There are a lot of mechanisms of death in penetrating trauma that do not involve penetrating or perforating injuries of the upper CNS or hypovolemia due to blood loss. And there are non-lethal mechanisms of injury that may take an assailant out of the fight quickly or temporarily. Some of these are immediate and some are rapid.
A few examples: Gunshot wounds to the head that do not penetrate the skull will often cause unconsciousness. It is possible for penetrating trauma to cause upper airway obstruction either directly due to deformity of the trachea or larynx, or by flooding the airway with blood. Most individuals with upper airway obstruction will stop the fight immediately (remember the soldier who got shot in the neck in "Saving Private Ryan"?). Penetrating injuries of the chest can cause pericardial (cardiac) tamponade or tension pneumothorax in the absence of physiologically significant blood loss. With pericardial tamponade loss of less than 100 cc of blood into the pericardial sac can effectively disrupt cardiac function. With tension pneumothorax entry of air into the pleural space (chest cavity) either due to leak from perforated lung tissue, or a sucking chest wound, compresses and kinks the vena cava interrupting the return of blood to the heart. It is even possible in rare instances for non-perforating injuries of the chest to cause immediate cessation of normal cardiac electrical activity and sudden cardiac death (commotio cordis).

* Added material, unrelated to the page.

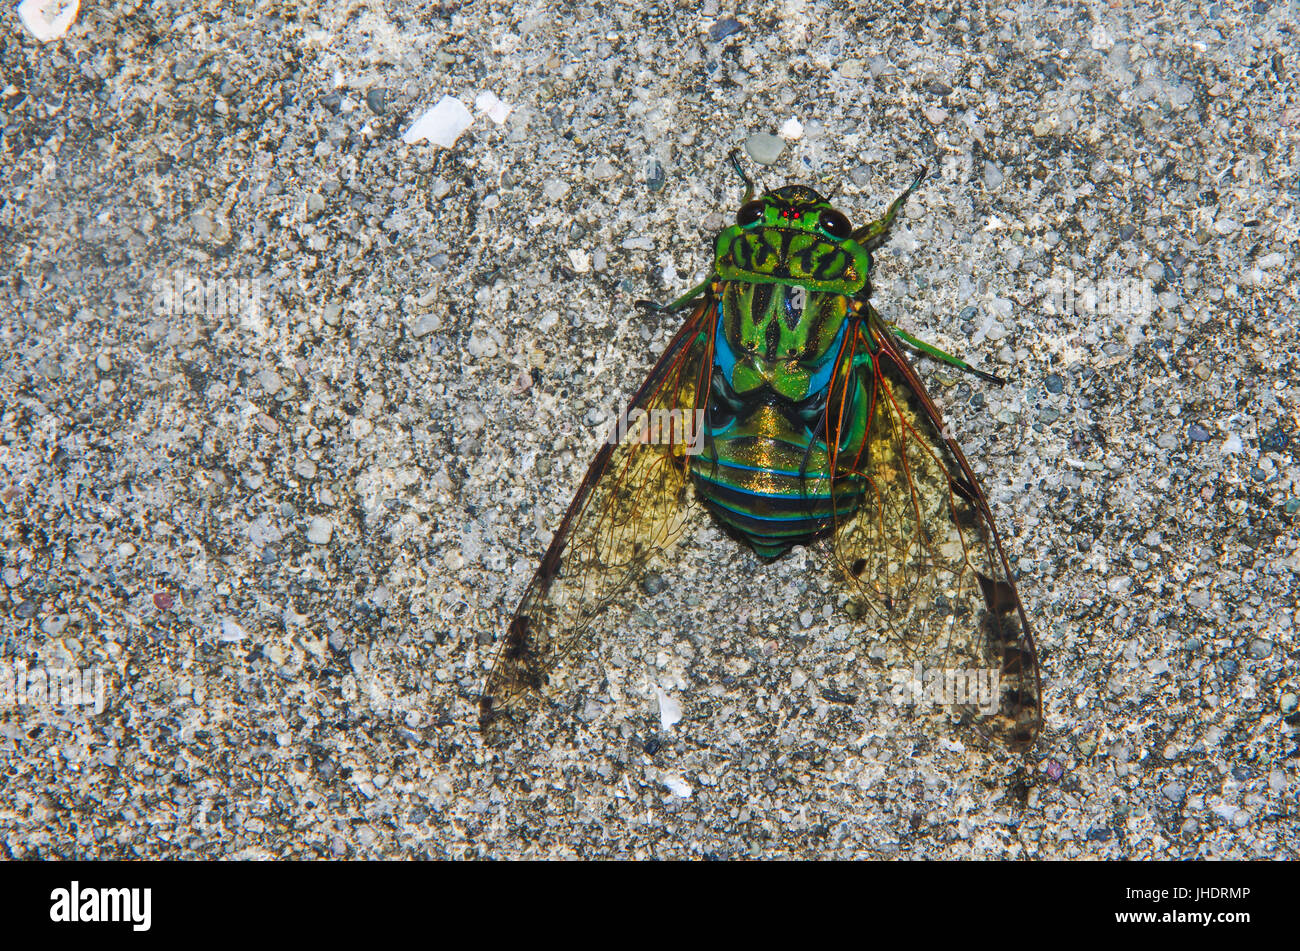 Cicada insect close up image with strong intense colors Stock Photo

Other non-fatal mechanisms of injury that can immediately incapacitate an attacker include injury of major nerve trunks or branches going to the dominant upper extremity, wounds that fracture bones of the dominant upper extremity, or wounds that fracture weight bearing bones and joints of the lower extremity. A facial wound that effectively blinds the attacker will quickly take them out of the fight. And there are superficial arteries outside of the chest or abdomen that can be disrupted causing rapid and massive external bleeding such as the femoral, popliteal, and carotid.
None of these mechanisms of injury can be predicted or guaranteed, and not all are immediate. But it isn't always about hitting the CNS or blood loss.